I had an ultrasound. And now I’m depressed.

At some point in a woman’s life, she will have an ultrasound. This is a common practice for pregnant women, but also to determine medical reasons why someone cannot conceive. But, as a non-child bearing (or desire to have them) lady, I never imagined that I’d be in that exam room… with a physician-assisted dildo up my birth canal.

Sure, I can make light of it now, given that there’s seemingly NOTHING WRONG WITH ME. But last week, when I (the doctor) was looking for answers. And I had NO idea what I was in for. Thankfully, a friend enlightened me to the words TRANSVAGINAL on my script. It means exactly what you think it means.

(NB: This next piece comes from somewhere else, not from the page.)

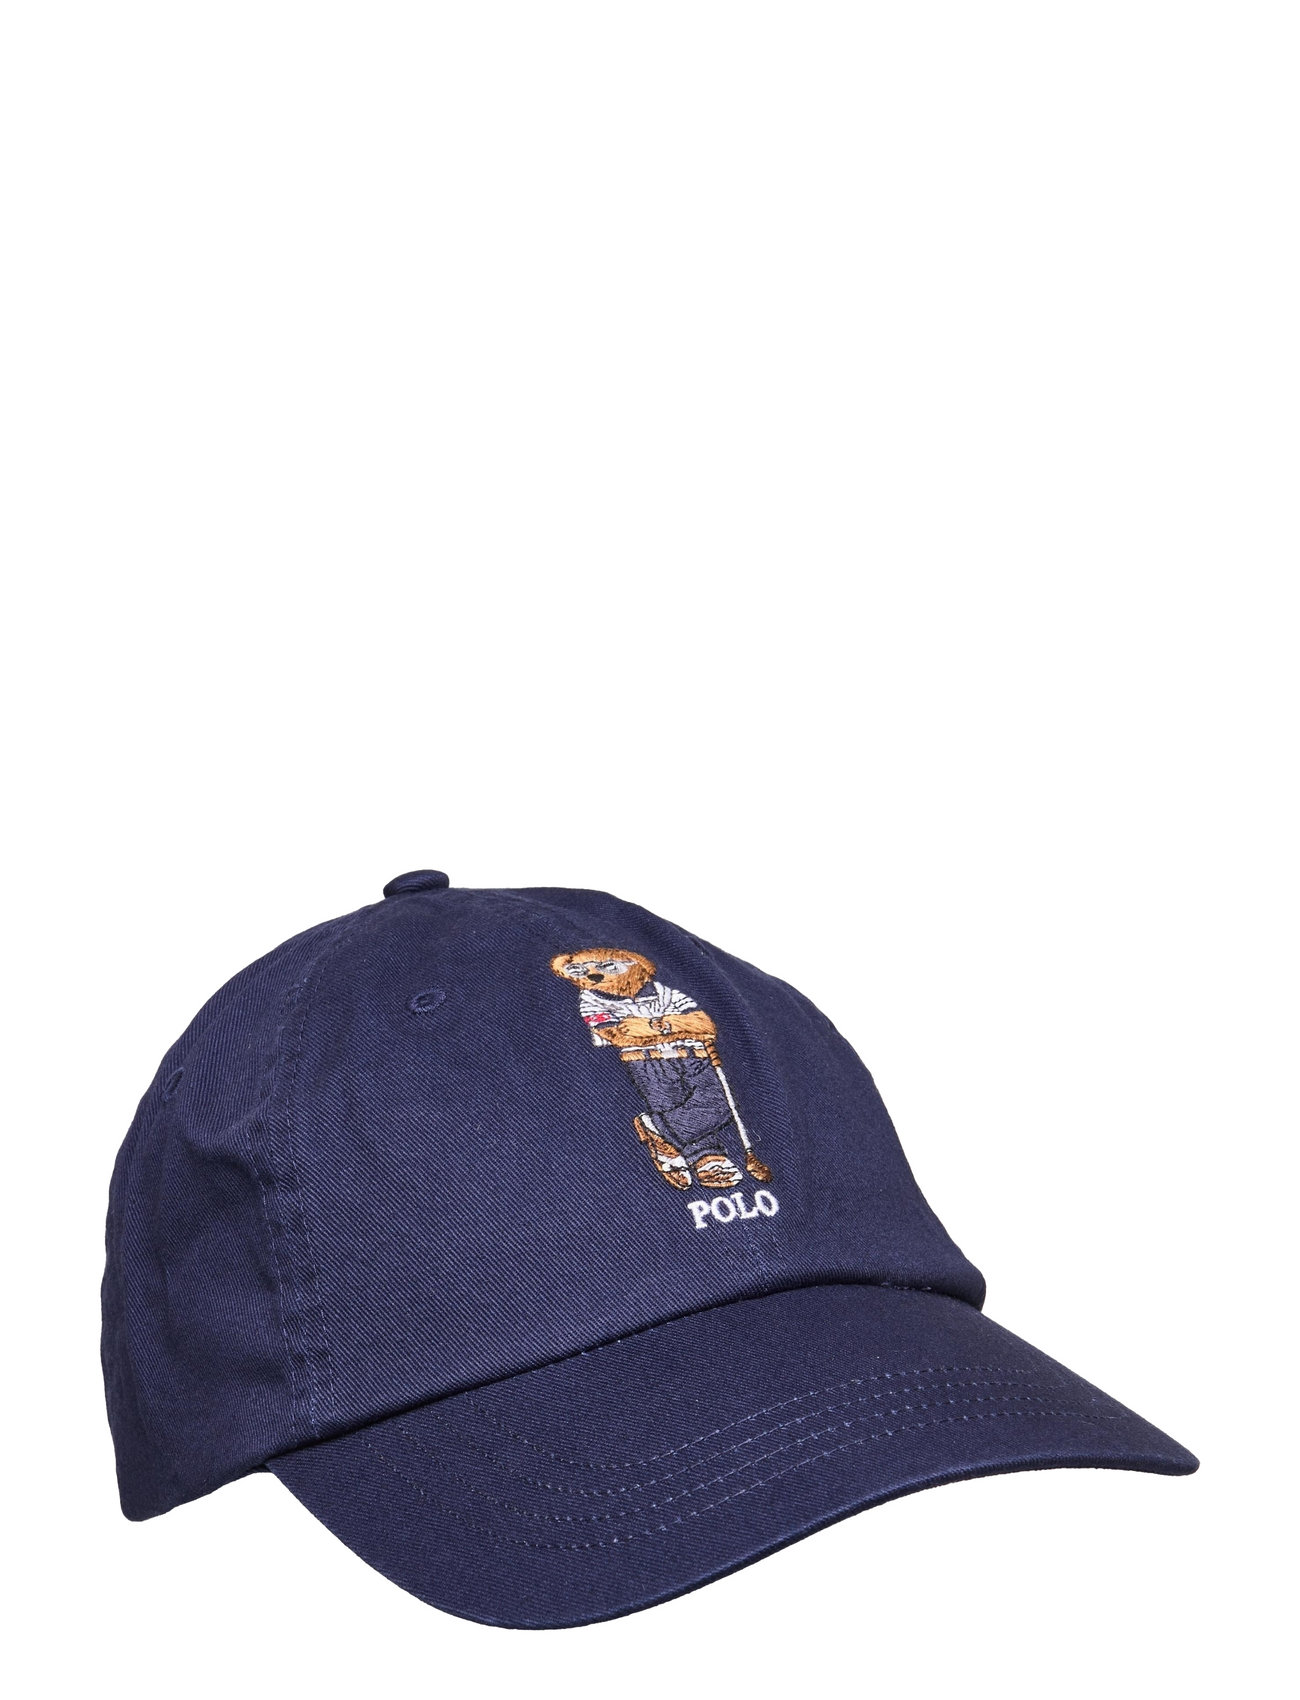 Ralph Lauren Golf Polo Bear Twill Ball Cap - Caps 
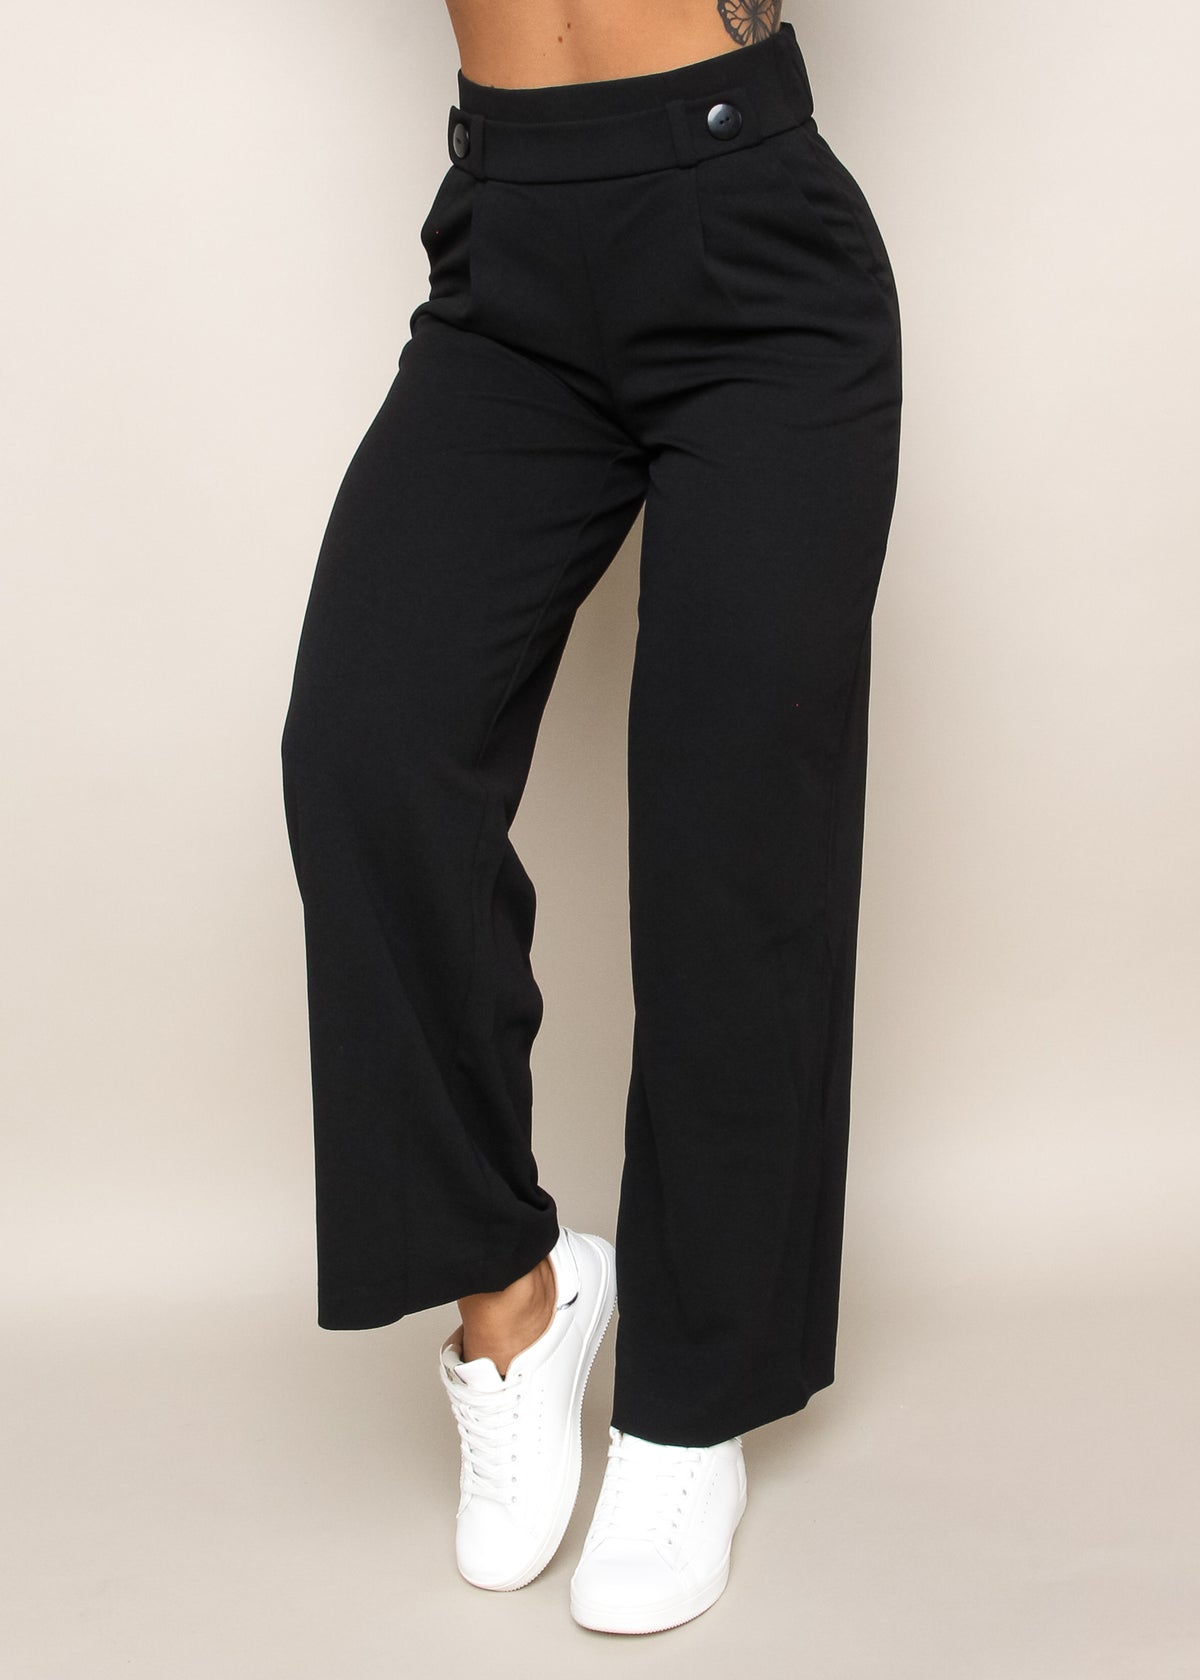 Bukser Damer | Køb til kvinder online - DiModa

I had a series of tests: pelvic, hormonal blood work, pregnancy testing, and aforementioned ultrasound (two ways!) with no real answer. My “problem” is scanty or non-existing menstruation (My period has been irregular since fall 2011; only having one REAL period in August of this past year). Birth control could be to blame… inconclusive (until I decide if I want to “try” going off it to see if it is, in fact, a happy side effect.) I’ve been on some form of pill since I was 17 — this particular brand for almost 4 years — but then I started experiencing severe pain and pressure in my abdomen. Cramping with no bleeding. Really severe mood swings. I was scared… and after the appointment, depressed.

I can’t explain the depression, but was told from several people that it’s normal when anticipating test results. I’ve been in a certain funk and mood that still remains a week later. I’m talking it out with my significant other, which helps to have someone listen to me vent and ramble (oh, I’m sure he appreciates hearing ALL about the random ways my body hates me… not). But I’m still struggling to understand WHY or WHAT I’m feeling.

We don’t talk enough about the difficulties and emotions associated with infertility and menstruation disruption or possible early menopause that all sadly occur to many 30-somethings. WHY DON’T WE?! I’d really appreciate some of your thoughts and feelings in the comments, so we all can commiserate about our experiences and emotions in one place.